During the year the Company made an additional capital
contribution of $23,700 bringing the total capital contribution
to $37,700. Additionally, as of June 30, 1998, the Company had
recorded minority share losses on its investment of $70,900. On
September 30, 1998, the Company sold its 9.5% common member
interest in TW-Tennessee for $25,000 to other members of
TW-Tennessee, which resulted in a gain of $58,200 in the third
quarter and a $12,700 loss on the Company's equity investment for
the year.
On September 30, 1998, the company entered into an agreement
to purchase the land and building, including improvements,
located at 3780 West Broad Street in Columbus, Ohio from West
Broad Development, LLC, the lessor of the property. The purchase
was made at fair market value supported by an independent
appraisal. The Company, at the time of purchase, entered into a
modification agreement with a local bank to modify an existing
promissory note on the land and building. In modifying the
promissory note the principal amount was increased to $1,000,000.

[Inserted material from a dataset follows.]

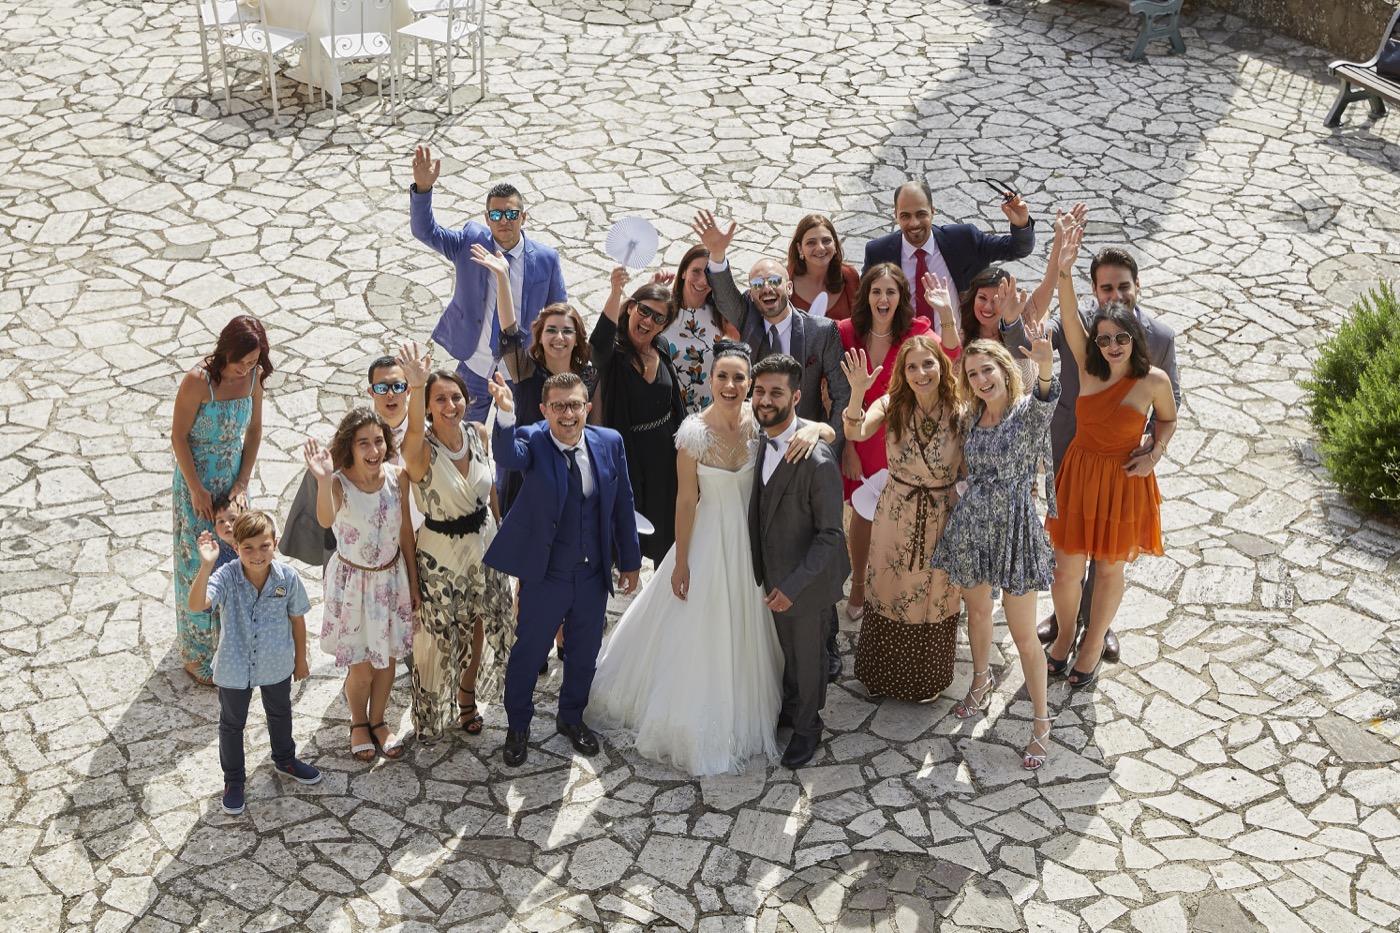 Claudio-Coppola-wedding-photographer-villa-del-cardinale-rocca-di-papa-castel-gandolfo-60
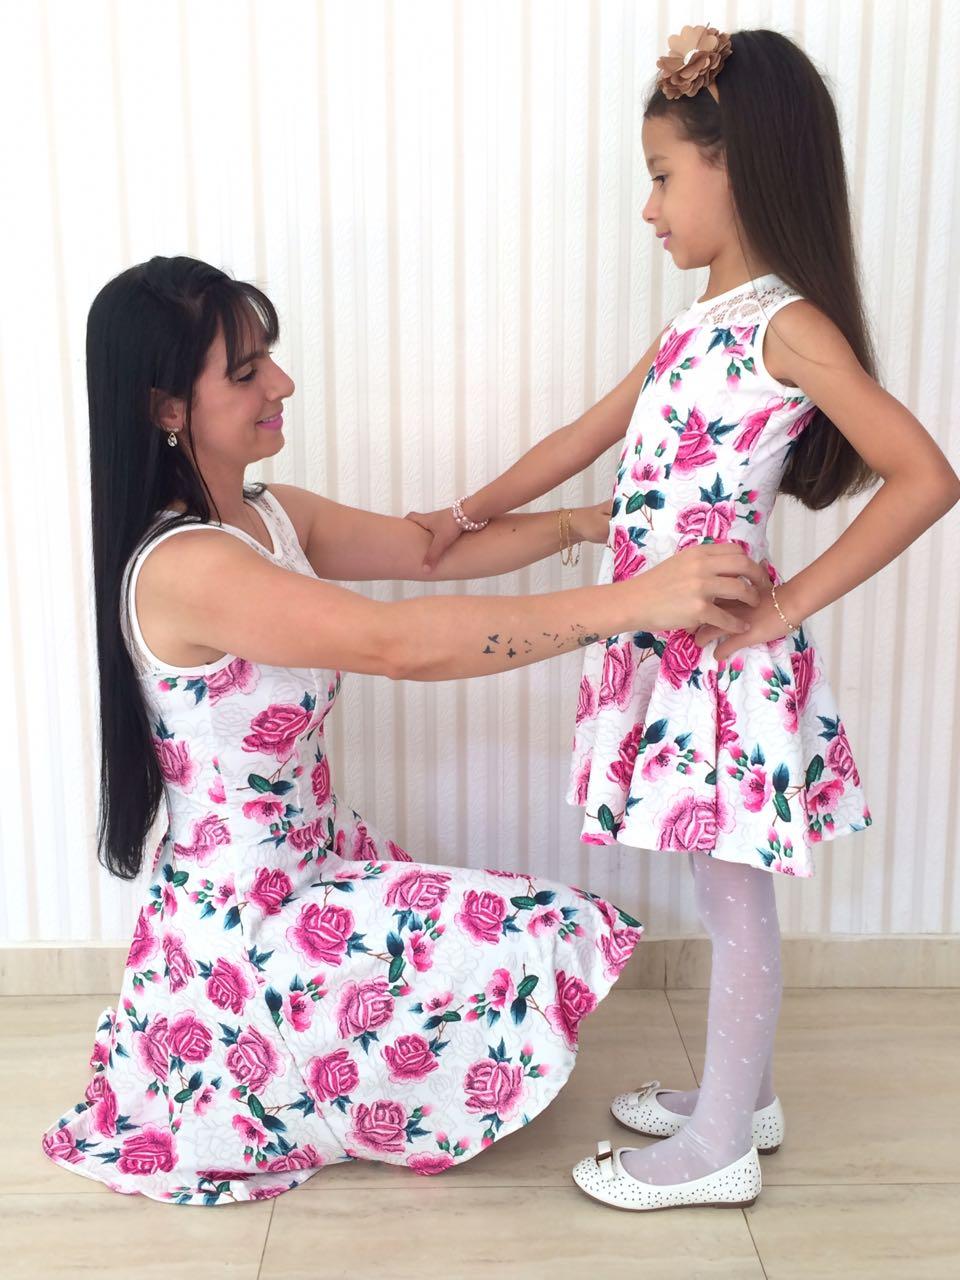 61f22b56df7aee Moda 'tal mãe, tal filha' é opção fashion para presente no dia das ...

At the time of the purchase, the Company terminated its capital
lease obligation to West Broad Development, LLC.
(6) PRO FORMA FINANCIAL INFORMATION (UNAUDITED)
Pursuant to the rules and regulations of the Securities and
Exchange Commission, the accompanying pro forma balance sheet as
of September 30, 1998 reflects the change in capitalization
attributable to the conversion of the Company's members'
interests into 5,145,000 shares of Tumbleweed, Inc. Common stock
as if the IPO had closed on September 30, 1998 (excluding the
effects of the offering proceeds). The pro forma balance sheet
also reflects the deferred tax effects of the Company changing
from a nontaxable to a taxable status. Such deferred tax effects
will be included in income at the date the change in tax status
occurs.
Additionally, pro forma net income in the accompanying pro
forma income data for the nine months and three months ended
September 30, 1998 and 1997 reflects a pro forma adjustment to
historical net income for federal and state income taxes at an
assumed effective rate of 36%. Pro forma net income per share is
computed based upon pro forma net income and the weighted average
number of shares of common stock outstanding during the period
assuming the conversion of the Company's members' interests into
common stock as of the beginning of the period.